How far can Mom go without encroaching on the daughter's "Myspace"? How long can Mom hold on to her (now imaginary) umbilical cord and not lose her daughter to the world? How short can a skirt be before it becomes too short? When does a t-shirt caption stop being funny and start being too saucy for public consumption? When does "space" become too small to be private and too large to be public? And how do you tell your daughter to dream but not to dream beyond her place in the world?
These are the questions that today's moms are grappling with daily. She's not going to find any gharelu nuskhe to help her out here. All she can do is roll with the falls, bounce with the good times, and learn from her daughter herself. Sure, she'll sometimes score high-fives, sometimes draw glares. But history will probably show this Gen M(om) will share a much stronger and healthier (if sometimes, tougher) relationship with their Gen Y daughters than any other future one in India.
Whether she knows it now or not, her daughter, her occasional best friend, is waiting at journey's end with this message: "My mom is my hero."
More and more Indian women have lately been marrying in their late 20s or even early 30s.

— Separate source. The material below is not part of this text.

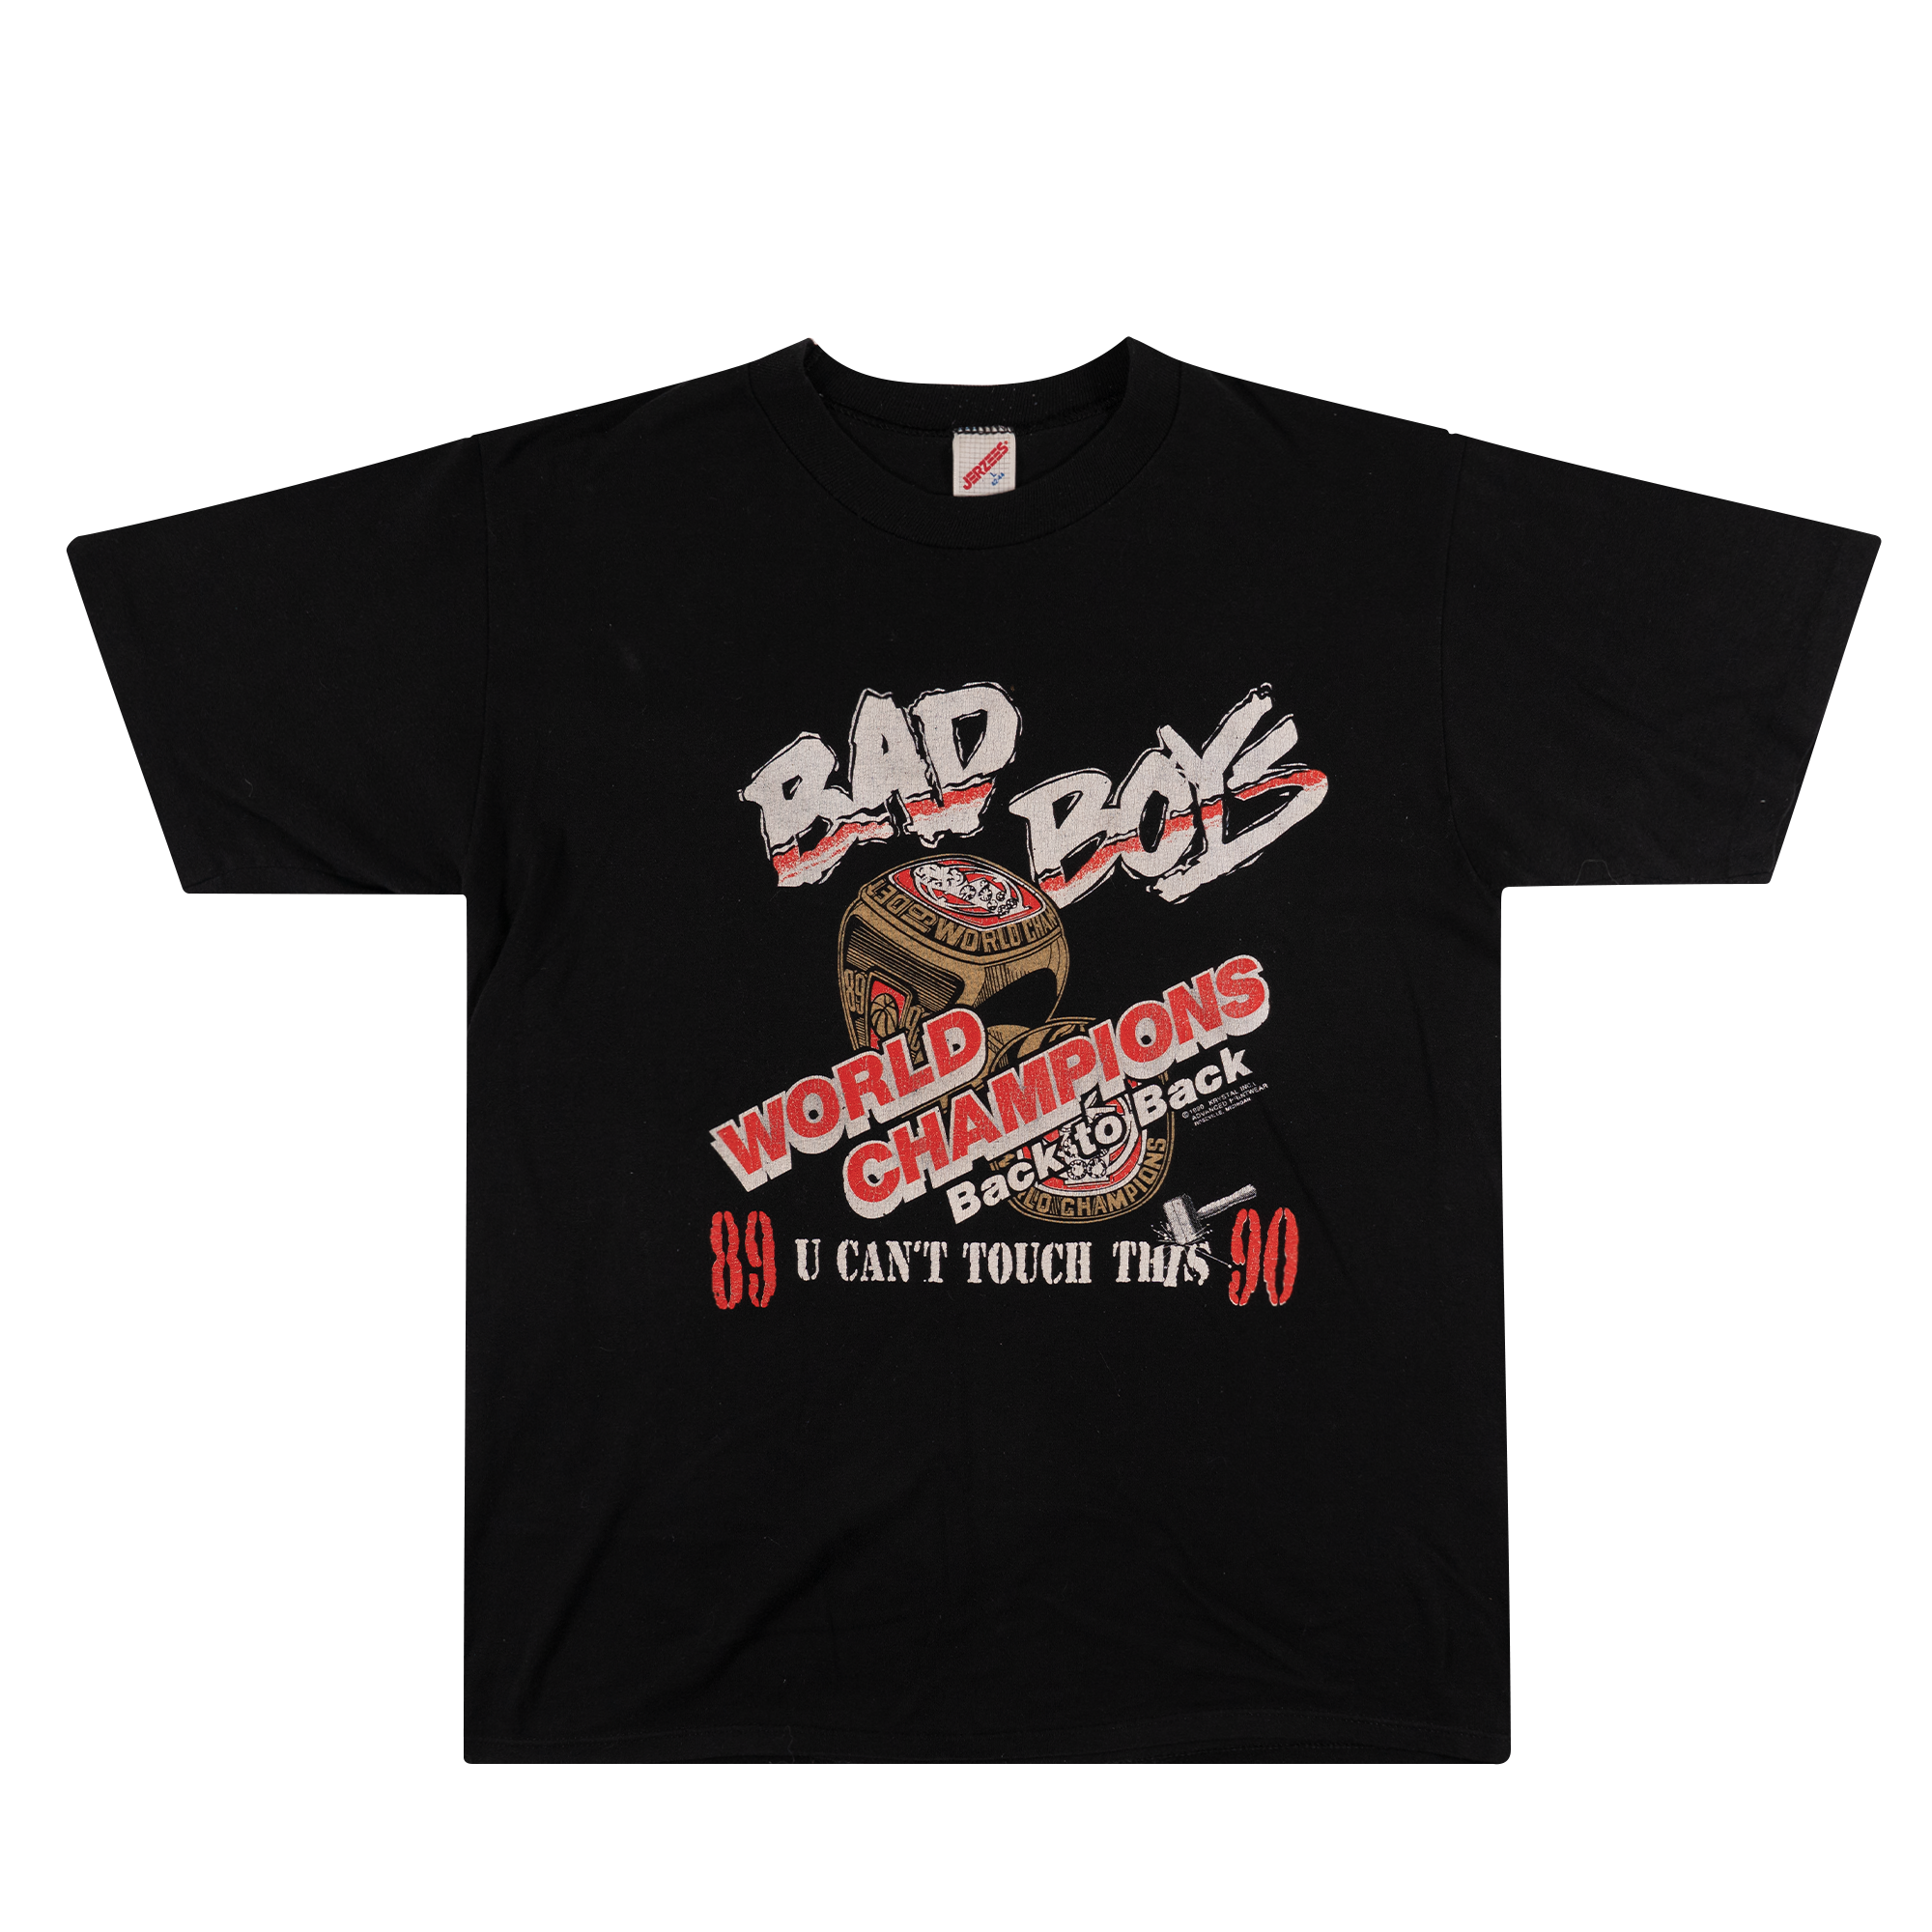 Detroit Pistons Bad Boys "Back2Back" Champs 1990 NBA Tee Black-PLUS

They've themselves grown up at least partly with a fast-liberalizing economic and cultural world in India. They have seen first-hand the stretched limits of morality and frugality. And given all of this, you might expect them to be more understanding and better able to cope with the expectations of their future adolescent/young adult daughters -- in terms of freedom, attitude, and behaviour. But if history is any indicator, we don't learn from our own follies. In the West today, some Hippies/Flower Children of the 1960s are today some of the most conservative parents themselves. Perhaps this next generation of Indian moms would've learned from their predecessors. Perhaps not. One thing is for sure: today's Indian Mom is a great example of one of the toughest balancing acts. Sure, it's not perfect. She's swaying on the rope sometimes. She may appear to wobble occasionally. But she's willing to tough it out. And whether she knows it now or not, her daughter, her occasional best friend, is waiting at journey's end with this message: "My mom is my hero."